YOUR ASSIGNMENT
Look below for the line containing "Aston Martin DBX"; from there, print each line exactly up to and including the line containing "競艇ボートレーサー大山千広が出演したTBSバースデイのバックナンバーの記事", and stop.

##### ENTRIES SHOWN #####

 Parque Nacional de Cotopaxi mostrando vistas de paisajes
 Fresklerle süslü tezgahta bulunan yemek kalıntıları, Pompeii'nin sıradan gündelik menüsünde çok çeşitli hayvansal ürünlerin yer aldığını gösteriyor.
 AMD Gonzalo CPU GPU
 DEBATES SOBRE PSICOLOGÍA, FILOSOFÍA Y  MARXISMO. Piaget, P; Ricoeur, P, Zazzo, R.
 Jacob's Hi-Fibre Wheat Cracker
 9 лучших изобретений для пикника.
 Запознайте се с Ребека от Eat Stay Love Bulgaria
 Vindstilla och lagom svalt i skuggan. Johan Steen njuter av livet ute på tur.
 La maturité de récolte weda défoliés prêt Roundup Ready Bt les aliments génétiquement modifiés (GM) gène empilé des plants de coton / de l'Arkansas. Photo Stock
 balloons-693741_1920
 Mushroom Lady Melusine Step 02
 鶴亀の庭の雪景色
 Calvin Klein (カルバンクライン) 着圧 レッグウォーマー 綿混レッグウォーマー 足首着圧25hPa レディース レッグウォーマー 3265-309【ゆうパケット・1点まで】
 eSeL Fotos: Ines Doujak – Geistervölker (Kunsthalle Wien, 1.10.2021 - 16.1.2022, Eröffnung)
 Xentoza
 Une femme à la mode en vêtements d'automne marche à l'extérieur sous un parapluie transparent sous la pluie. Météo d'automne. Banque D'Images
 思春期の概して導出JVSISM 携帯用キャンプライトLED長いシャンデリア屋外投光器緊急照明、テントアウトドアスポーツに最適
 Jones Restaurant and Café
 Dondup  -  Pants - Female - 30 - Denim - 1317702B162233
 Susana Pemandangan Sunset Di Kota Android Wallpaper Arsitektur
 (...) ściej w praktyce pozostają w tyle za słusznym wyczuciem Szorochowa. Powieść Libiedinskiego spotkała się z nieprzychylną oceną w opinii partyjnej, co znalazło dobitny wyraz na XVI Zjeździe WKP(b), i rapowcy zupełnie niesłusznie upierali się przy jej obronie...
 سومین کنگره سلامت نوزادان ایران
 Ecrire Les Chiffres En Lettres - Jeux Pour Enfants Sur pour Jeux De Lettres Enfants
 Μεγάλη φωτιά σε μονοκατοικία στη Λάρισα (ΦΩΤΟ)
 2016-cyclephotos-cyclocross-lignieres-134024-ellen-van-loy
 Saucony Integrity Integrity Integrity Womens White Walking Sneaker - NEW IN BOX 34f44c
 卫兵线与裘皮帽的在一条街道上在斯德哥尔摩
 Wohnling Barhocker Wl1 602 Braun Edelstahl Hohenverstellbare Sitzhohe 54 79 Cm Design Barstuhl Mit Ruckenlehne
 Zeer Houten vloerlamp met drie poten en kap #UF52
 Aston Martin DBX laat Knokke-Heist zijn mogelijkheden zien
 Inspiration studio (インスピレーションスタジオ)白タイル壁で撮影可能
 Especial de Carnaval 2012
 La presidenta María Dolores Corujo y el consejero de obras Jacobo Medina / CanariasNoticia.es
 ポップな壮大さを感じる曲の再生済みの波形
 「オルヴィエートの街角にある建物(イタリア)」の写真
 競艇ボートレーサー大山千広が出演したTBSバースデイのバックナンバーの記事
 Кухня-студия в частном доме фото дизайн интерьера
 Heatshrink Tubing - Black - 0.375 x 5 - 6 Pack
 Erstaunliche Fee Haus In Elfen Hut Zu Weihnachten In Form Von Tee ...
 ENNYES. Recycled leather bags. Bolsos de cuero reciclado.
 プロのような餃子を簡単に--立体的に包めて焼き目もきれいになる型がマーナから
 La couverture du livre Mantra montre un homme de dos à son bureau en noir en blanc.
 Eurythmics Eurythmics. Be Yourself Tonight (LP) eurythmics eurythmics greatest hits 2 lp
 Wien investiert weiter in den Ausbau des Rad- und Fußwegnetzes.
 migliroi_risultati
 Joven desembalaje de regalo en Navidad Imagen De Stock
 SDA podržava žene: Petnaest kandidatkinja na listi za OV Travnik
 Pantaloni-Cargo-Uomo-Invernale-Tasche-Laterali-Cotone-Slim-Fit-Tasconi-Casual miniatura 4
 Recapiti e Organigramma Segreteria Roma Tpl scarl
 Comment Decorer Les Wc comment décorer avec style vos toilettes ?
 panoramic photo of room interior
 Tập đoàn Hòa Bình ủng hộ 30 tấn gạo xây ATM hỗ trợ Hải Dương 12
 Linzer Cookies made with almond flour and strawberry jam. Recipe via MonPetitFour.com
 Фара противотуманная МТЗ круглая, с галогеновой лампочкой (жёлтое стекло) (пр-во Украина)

#####

TASK RESPONSE
 Aston Martin DBX laat Knokke-Heist zijn mogelijkheden zien
 Inspiration studio (インスピレーションスタジオ)白タイル壁で撮影可能
 Especial de Carnaval 2012
 La presidenta María Dolores Corujo y el consejero de obras Jacobo Medina / CanariasNoticia.es
 ポップな壮大さを感じる曲の再生済みの波形
 「オルヴィエートの街角にある建物(イタリア)」の写真
 競艇ボートレーサー大山千広が出演したTBSバースデイのバックナンバーの記事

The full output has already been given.